Provided material ▸
##############################

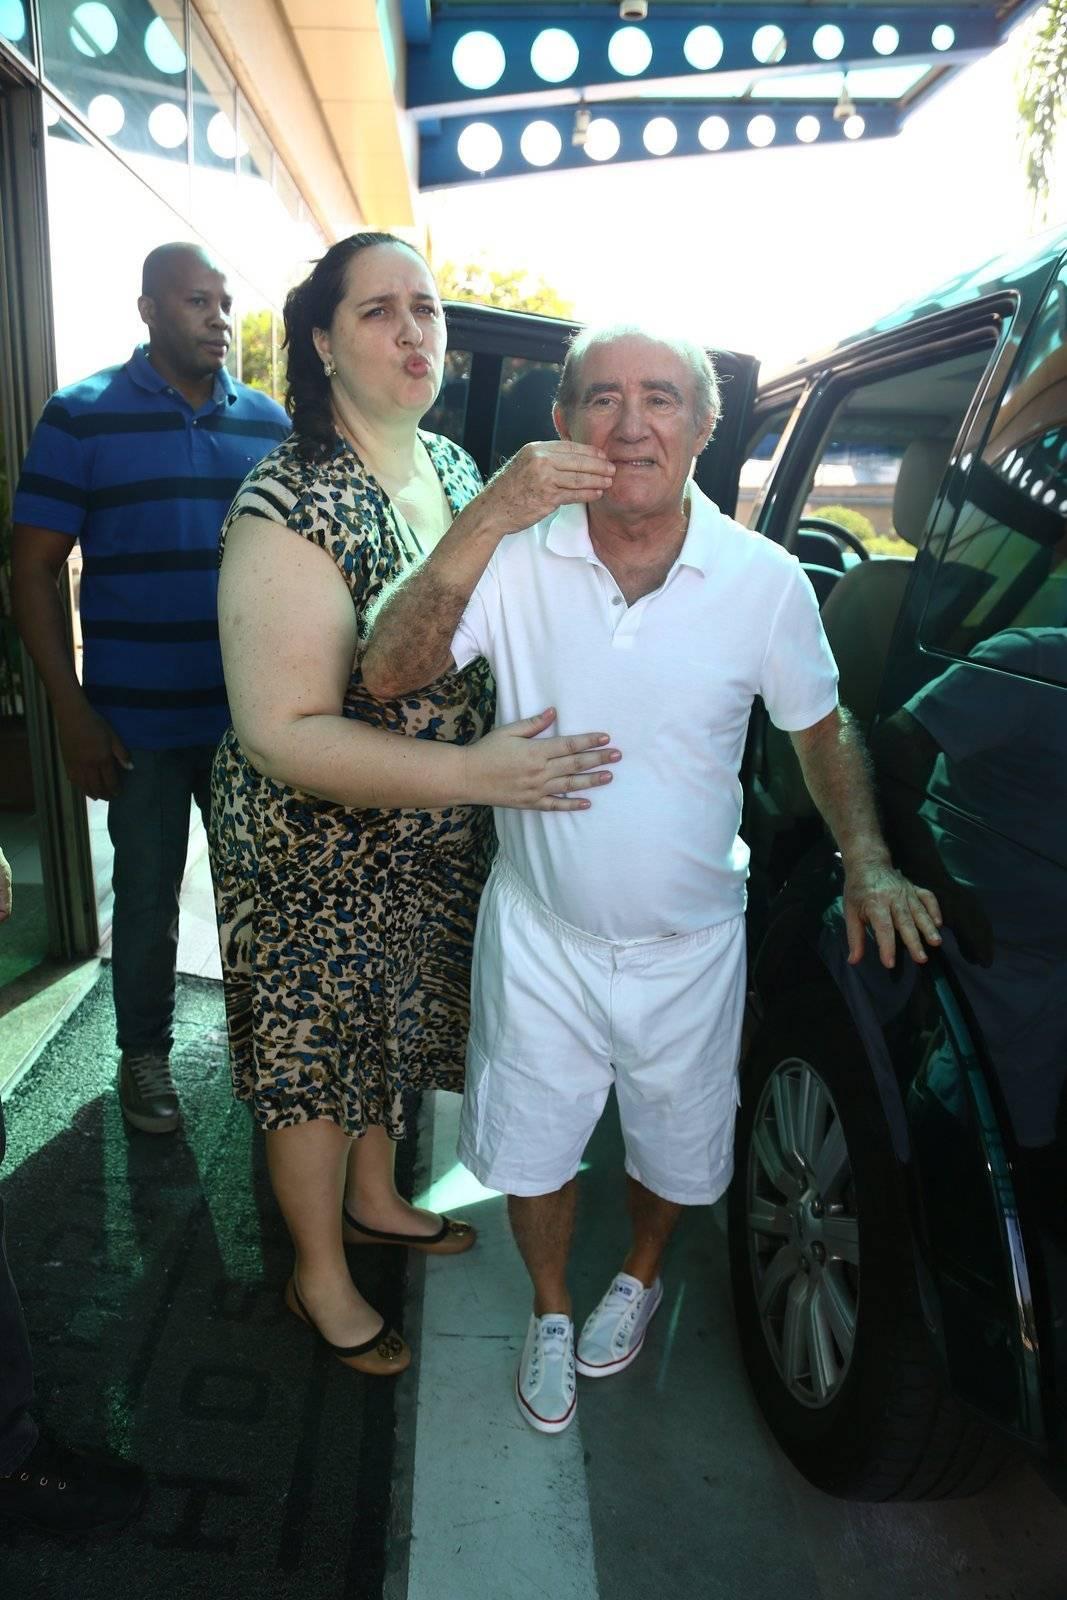 Bonzinho ou arrogante? Conheça as duas faces de Renato Aragão - Fotos - R7  Famosos e TV
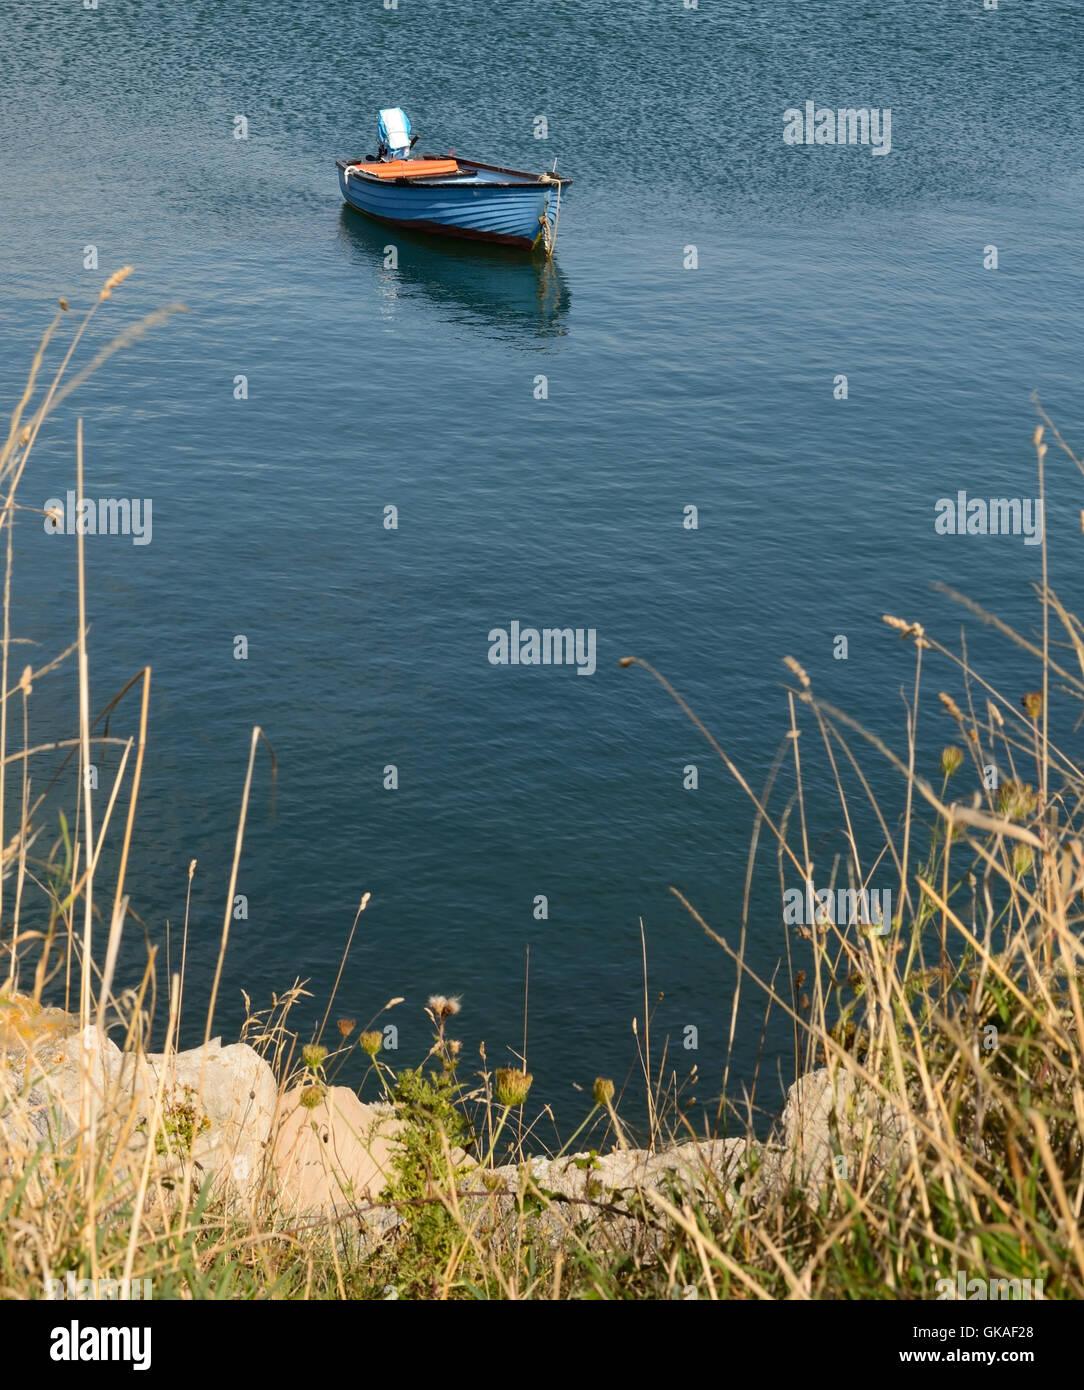 Un petit bateau amarré au large. Photo Stock
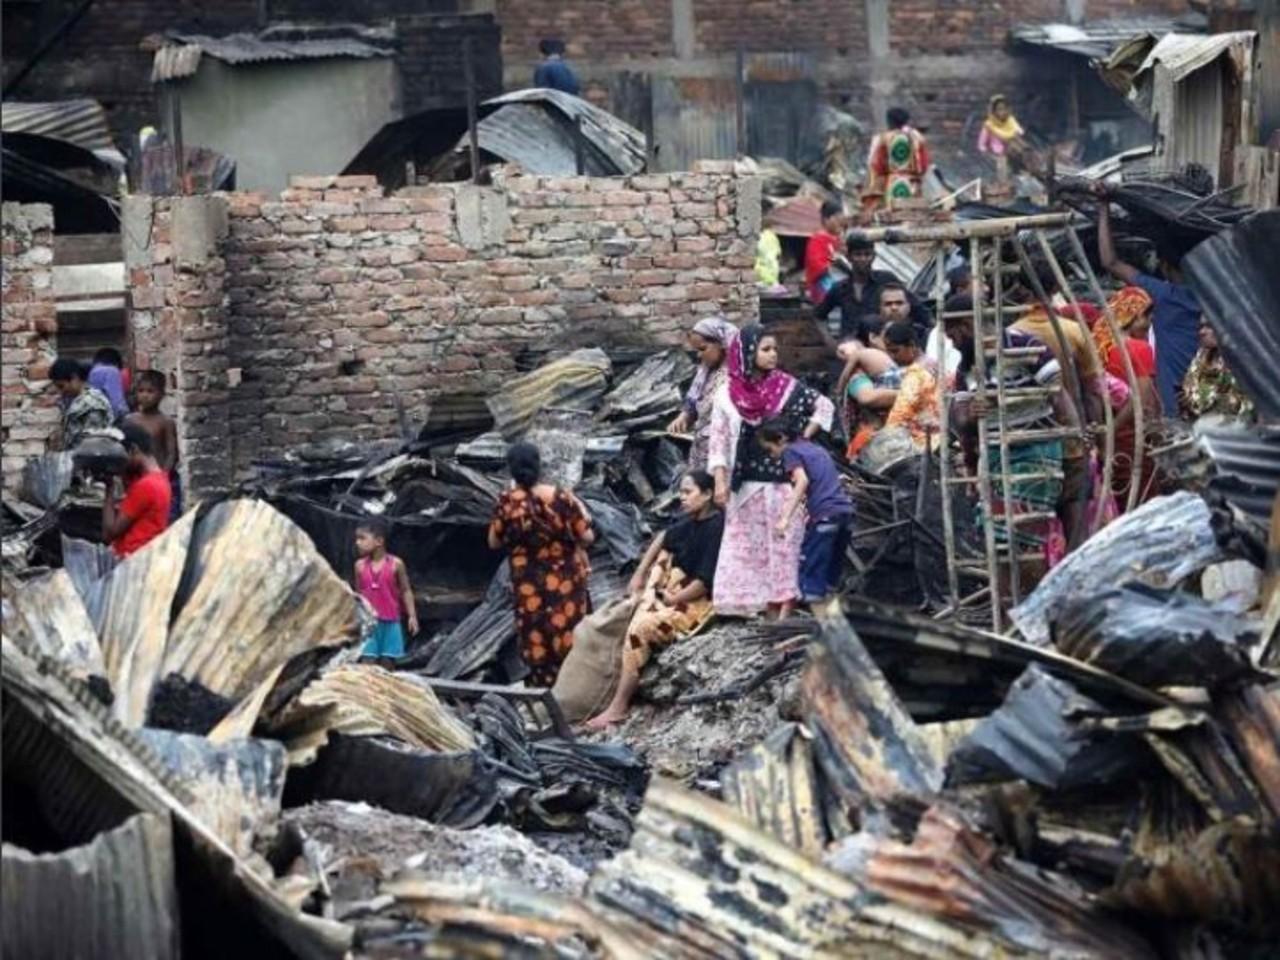 Incendio en Bangladesh deja sin hogar a 50,000 personas

##############################

Transcribe exactly the span of lines from the line holding "Un petit bateau amarré au large. Photo Stock" through the last line above, both included. Pictures stay out.

Task answer ▸
 Un petit bateau amarré au large. Photo Stock
 Incendio en Bangladesh deja sin hogar a 50,000 personas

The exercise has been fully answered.